O compromisso voluntário de abolir o dinheiro e a adesão à Aliança “Melhor do que Dinheiro” são obra do Ministro das Finanças transitório Ibrahim Elbadawi. O economista formado nos EUA já tinha trabalhado para o Banco Mundial em Washington durante muitos anos. Desde 2009, é também um Visiting Research Fellow no Center for Global Development em Washington, que é financiado principalmente pela Fundação Bill & Melinda Gates.

O Primeiro-Ministro Abdalla Hamdok, um economista formado no Reino Unido que trabalhou anteriormente para a ONU, é Director Executivo Adjunto da Comissão Económica para África.

Em Dezembro de 2019, o degelo nas relações EUA-Sudão reflectiu-se no facto de o Primeiro-Ministro Hamdok ter sido convidado para uma visita de seis dias a Washington, onde se reuniu com representantes do Departamento de Estado norte-americano, bem como dos Departamentos de Finanças e Defesa e da CIA, entre outros, bem como da agência de desenvolvimento residente USAID, membro central da Better Than Cash Alliance, e de toda a liderança do Banco Mundial. (n.o 19 inserido)

A carteira está um pouco aberta

Embora os EUA tenham mantido o Sudão na sua lista de terroristas, o novo governo recebeu apoio financeiro dos aliados dos EUA na Arábia Saudita e nos Emirados Árabes Unidos e, sob a forma do Programa de Apoio à Família, possivelmente até do Banco Mundial. Para o governo de um país que sofre de uma extrema escassez de divisas, quase dois mil milhões por ano ao abrigo deste programa é muito dinheiro.

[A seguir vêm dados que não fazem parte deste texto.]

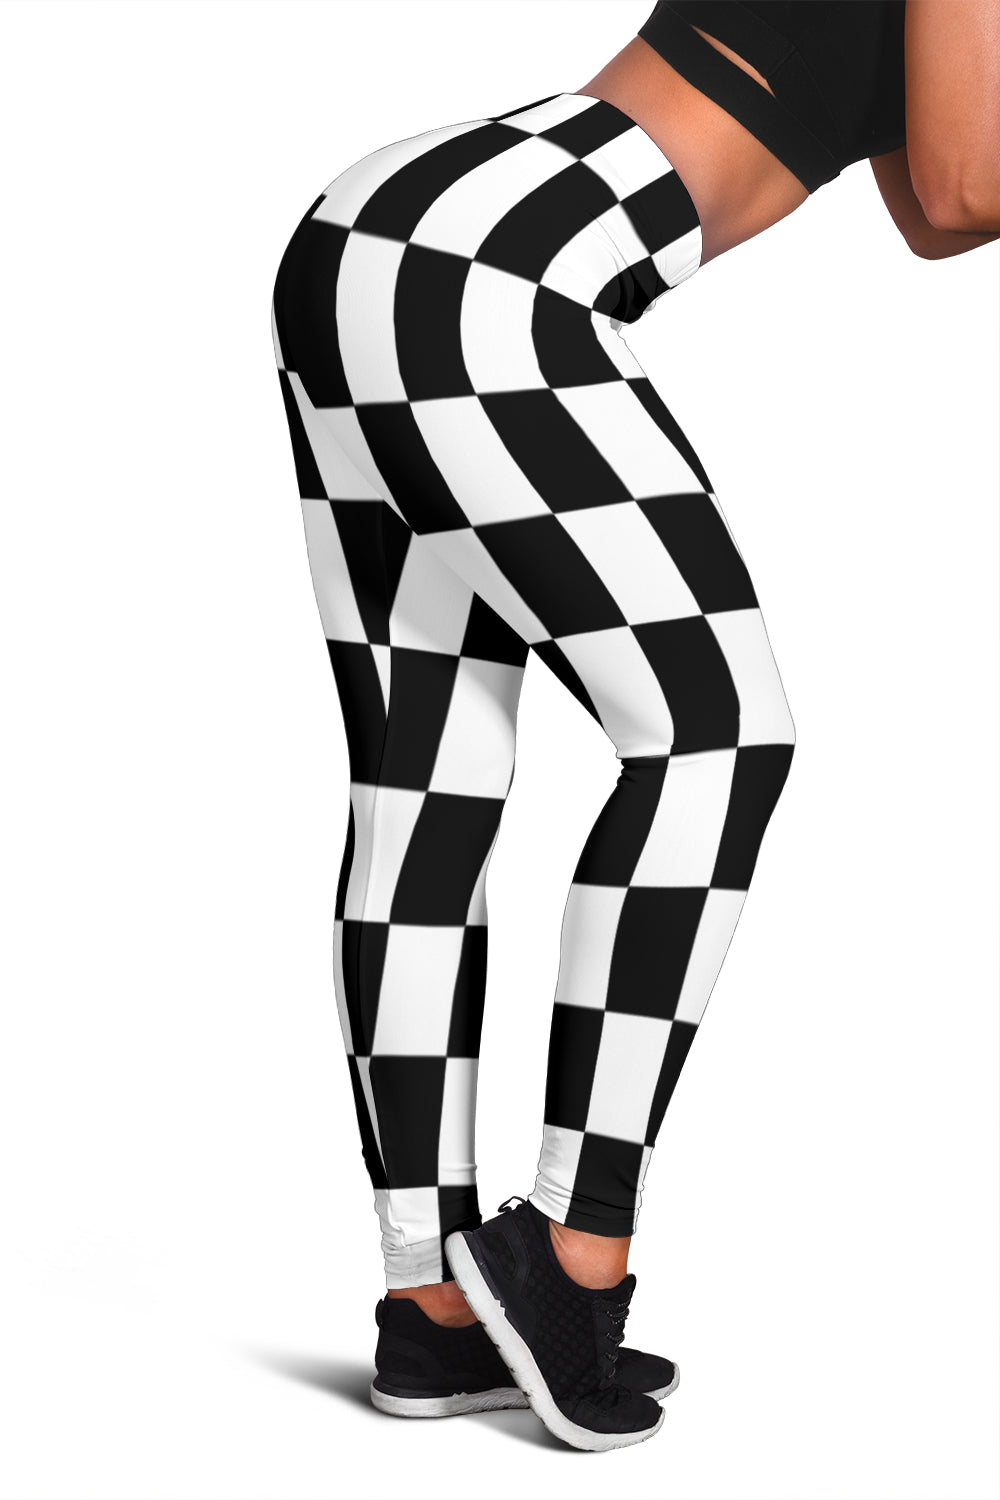 Racing Checkered Leggings

O Governo tem, por isso, todos os motivos para participar na grande experiência de monitorização e controlo da população que Washington está a realizar no país. Não só por causa do dinheiro, mas sobretudo devido à perspectiva de ser retirado da lista de terroristas economicamente devastadora se a experiência for bem sucedida e ajudar a retirar o apoio aos insurrectos da população, a localizá-los e a neutralizá-los de uma forma ou de outra.

Se for possível registar biometricamente a população nas zonas rurais em conflito, os rebeldes e as bases de operações, e ligá-los a um telemóvel como dispositivo de vigilância, então faremos grandes progressos em direcção a este objectivo. Por exemplo, sempre que um rebelde é identificado, seria então possível verificar com quem teve contacto telefónico e quem esteve mais frequentemente perto dele. Poderia certificar-se de que se sabe que qualquer pessoa que tenha um contacto próximo com insurrectos será impedida de fazer o seu pagamento mensal sem quaisquer problemas.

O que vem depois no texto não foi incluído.